Big 5 Sporting Goods Corp reported a sharp drop in first-quarter earnings on lower margins and a 2.9 percent comp decline.  The chain blamed the shortfall on continued macroeconomic weakness in its Western U.S. market, and the absence of winter weather across the vast majority of geographies that significantly reduced demand for cold weather products.

Earnings came to $156,000, or 1 cent a share, down from $2.76 million, or 13 cents, a year ago. Revenues slid 1.2 percent, to $218.5 million.

Gross margins eroded to 30.9 percent versus 32.6 percent in the first quarter of the prior year. Merchandise margins were down 156 basis points reflecting the product sales mix shift away from higher margin winter-related products due to unfavorable winter weather conditions, as well as increased promotional activities, including efforts to sell winter products later in the quarter, and product cost inflation. SG&A expenses increased to 30.5 percent of sales from 30.4 percent as a reduction in employee benefit-related costs from higher than normal levels in the prior year period, as well as a reduction in debit card fees as a result of recent federal legislation offset the impact of lower revenues.

On a conference call with analysts, Steve Miller, Big 5's president and CEO, said sales of sales of winter-related products fell 25 percent for the quarter. The chain was particularly impacted during the first two weeks of the quarter following New Year's and over the period surrounding President's Day, which are historically key winter product selling periods. The mild weather particularly impacted apparel, which comped down low double-digits for the quarter. Footwear and hard good categories were slightly negative. Excluding sales of winter-related products, same-store sales for the quarter were positive, in the low single-digit range with non-winter products generally performing well.

Traffic saw a low mid single-digit decrease but average ticket grew low single-digits.

Per-store inventories were up 1.8 percent from the prior year but were down from the prior year at quarter-end excluding winter products. Currently, per-store inventories are virtually flat with the prior year, including winter product carryover. Added Miller, “We obviously have more than normal carryover of winter product, and our plan is to buy judiciously around this mix of product for next year's winter season.”

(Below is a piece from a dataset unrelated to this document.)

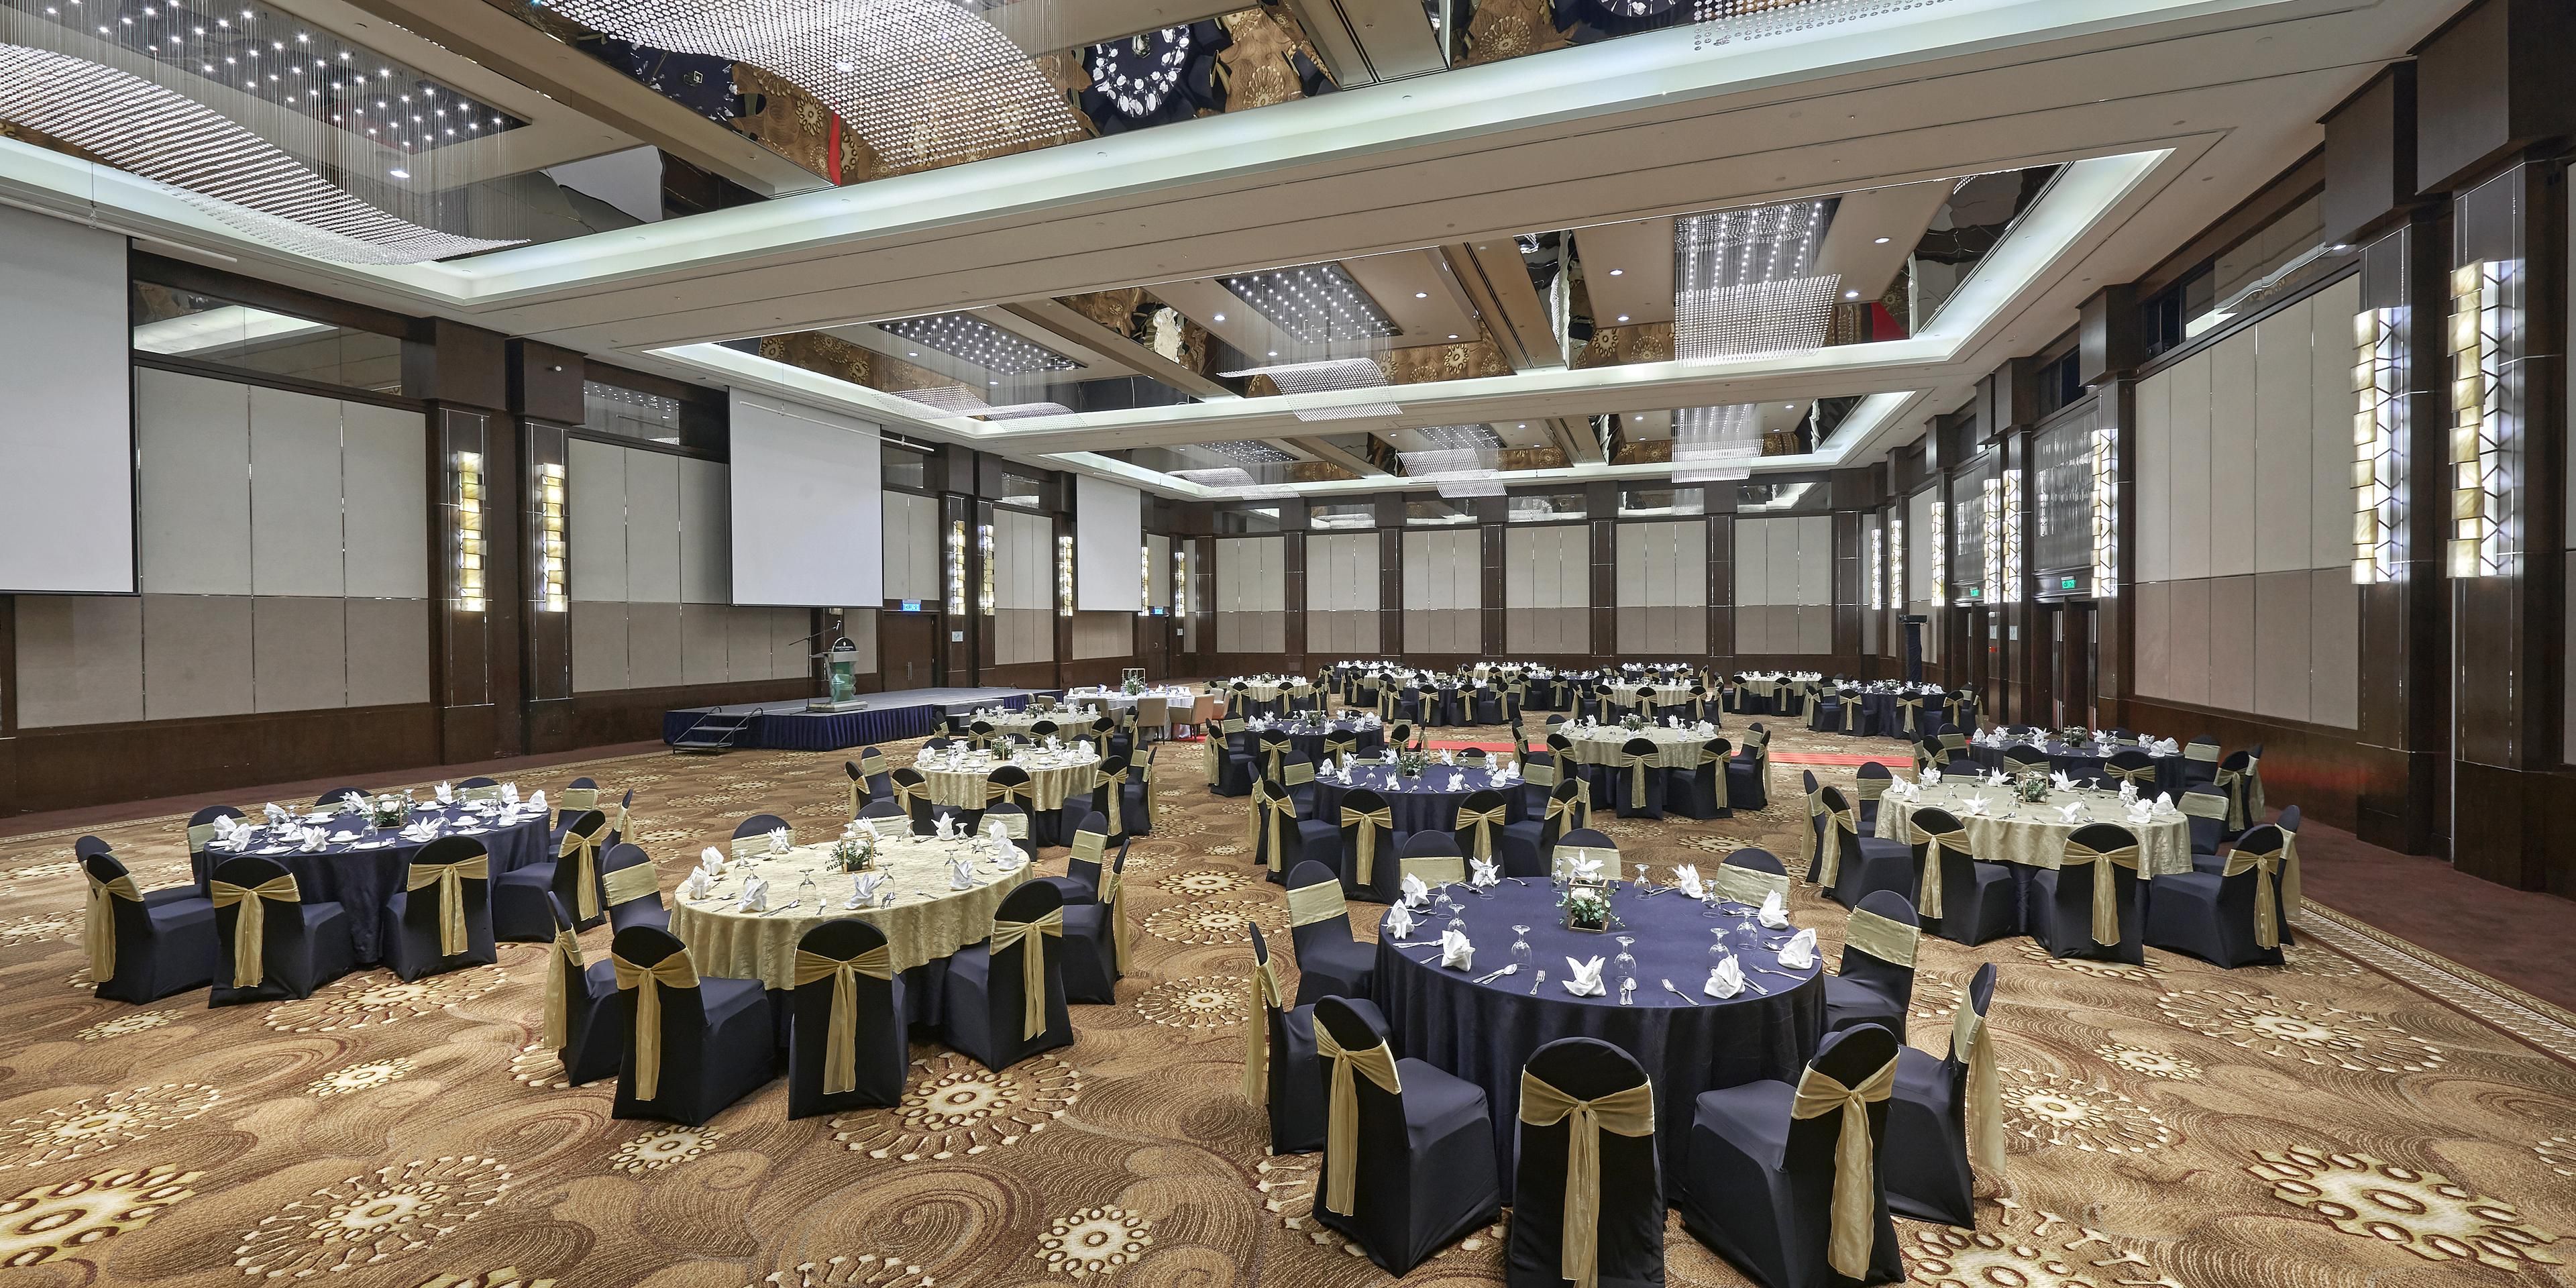 We offer eight meetings rooms equipped with multi-functional capabilities and two magnificent, pillarless ballrooms that are perfect for larger gatherings. From intimate gatherings of 20, a wedding of 800 and up to 1,300 delegates for a large conference, we can host it all for you. Let our team of experts create your perfect event.

On the positive side, Miller said cited the early strong consumer response to efforts to selectively downsize certain underperforming product lines while expanding some  showing strength. Miller described the merchandise changes as “pretty broad-based.” He elaborated, “”The new products cover the gamut of all of our major merchandise categories, hard goods, footwear, and apparel. A little more focus and in certain cases of more branded product, in some cases its expanding, size and color runs. In other cases it is reaching out to some higher price points in an effort to appeal to a consumer who may have more discretionary income in today's environment.”

Big 5 is also seeing positive results from the expansion of its digital marketing efforts.

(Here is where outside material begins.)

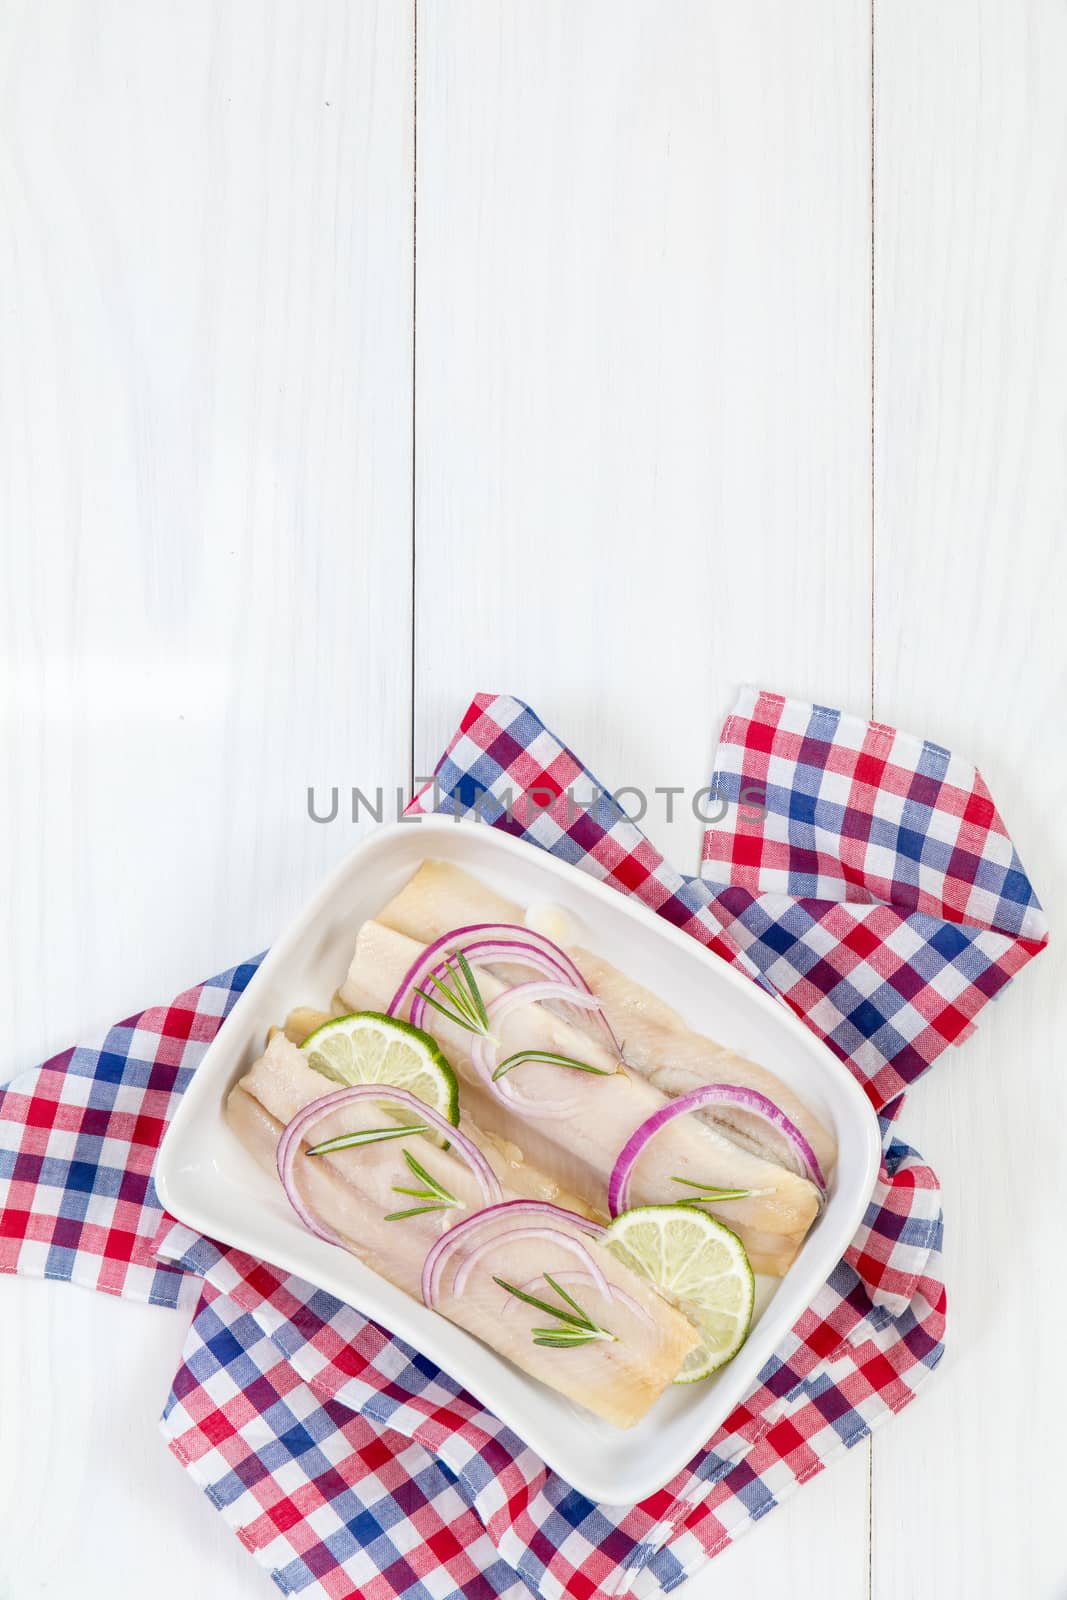 Sliced herring fillets, cut onion and lime by ArtSvitlyna

Looking ahead, same-store sales for the second quarter to date are up in the positive low single-digit range. Although merchandise margins are still running down, they've improved for each month since January. Miller added, “Our April customer traffic comparisons to the prior year are the best that we have experienced since last October, and we have seen accelerating improvement in average ticket comparisons to the prior year for each month since January.”